During a nomination hearing on Wednesday for Amy Coney Barrett, a University of Notre Dame law professor nominated for the 7th Circuit Court of Appeals, Sen. Dianne Feinstein (D-California) made clear her skepticism the nominee would uphold Roe v. Wade, the landmark 1973 Supreme Court decision that ruled abortions were a constitutionally protected legal right.

“The dogma lives loudly within you,” Feinstein told Barrett, a traditional Catholic and mother of seven. “And that’s of concern when you come to big issues that large numbers of people have fought for for years in this country.”

Amy Coney Barrett (C-Span screenshot)

Those remarks — and the implication Barrett’s religious beliefs would unduly influence her as an appellate-court judge — have since triggered widespread condemnation, with many on social media and beyond exclaiming that Feinstein impinged on the nation’s prohibition on imposing religious tests for public office.

https://www.youtube.com/watch?v=GA7KfYOFB-g

Jonathan Greenblatt, who heads the Anti-Defamation League, tweeted on Friday that “yes we need church/state divide, but hard/soft litmus tests for pol[itical] candidates or judicial nom[inees] = wrong.”

Kirsten Powers, a prominent columnist for USA Today, likewise tweeted a response, saying of Feinstein’s comments: “This is just religious bigotry, pure and simple.”

Moreover, Catholic leaders were quick to express their anger.

“Throwback to an era when Catholics were seen as unthinking tools of the Pope,” said James Martin, a priest who edits America Magazine, a Jesuit publication. “You can be a good Catholic citizen in our country.
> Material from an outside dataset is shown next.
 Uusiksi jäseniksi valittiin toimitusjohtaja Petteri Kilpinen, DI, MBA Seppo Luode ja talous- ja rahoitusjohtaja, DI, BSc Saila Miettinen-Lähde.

Ask JFK.”

For his part, William Donohue, president of the Catholic League for Religious and Civil Rights, wrote an indignant letter to Feinstein.
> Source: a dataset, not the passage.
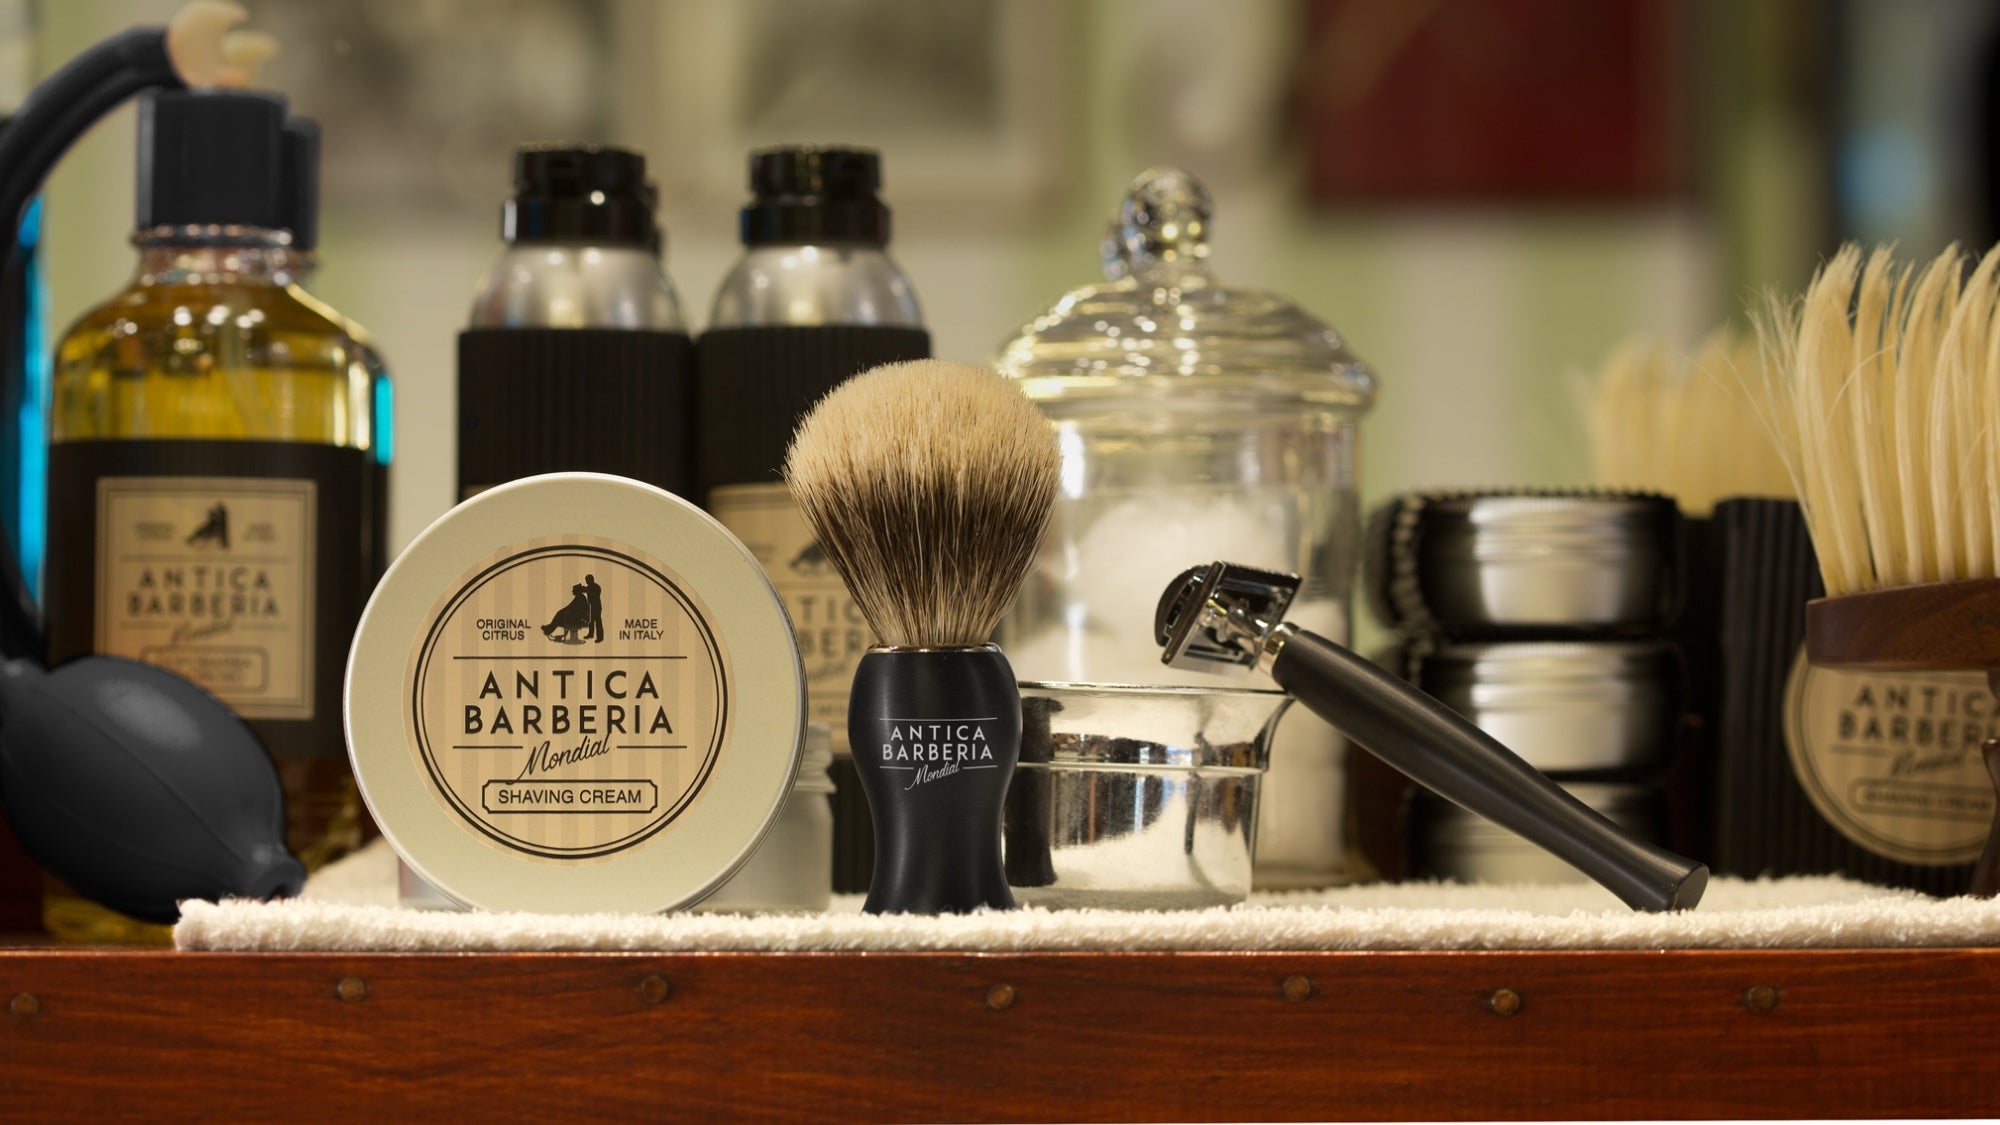 Antica Barberia Mondial Shaving Creams – Mondial 1908 Shaving EU

“No one was fooled by your question,” he said. “Why didn’t you come right out and ask her if she would take her judicial cues from the Vatican? That would have been more honest.”

Sen. Richard Durbin (D-Illinois) also instigated controversy in that same Senate Judiciary Committee hearing — for his questioning Barrett whether she considers herself “an Orthodox Catholic?”

“Have you ever probed the faith of a non-Catholic for the federal bench?” Donohue asked in a separate letter to Durbin. “If so, please share the information with me. If not, try treating Catholics — especially Orthodox ones — as equals.”

At the hearing, Barrett responded to the senators’  inquiries. “It is never appropriate for a judge to apply their personal convictions, whether it derives from faith or personal conviction,” she said at one point.

Feinstein or Durbin have not yet publicly reacted to the outcry their questions have elicited.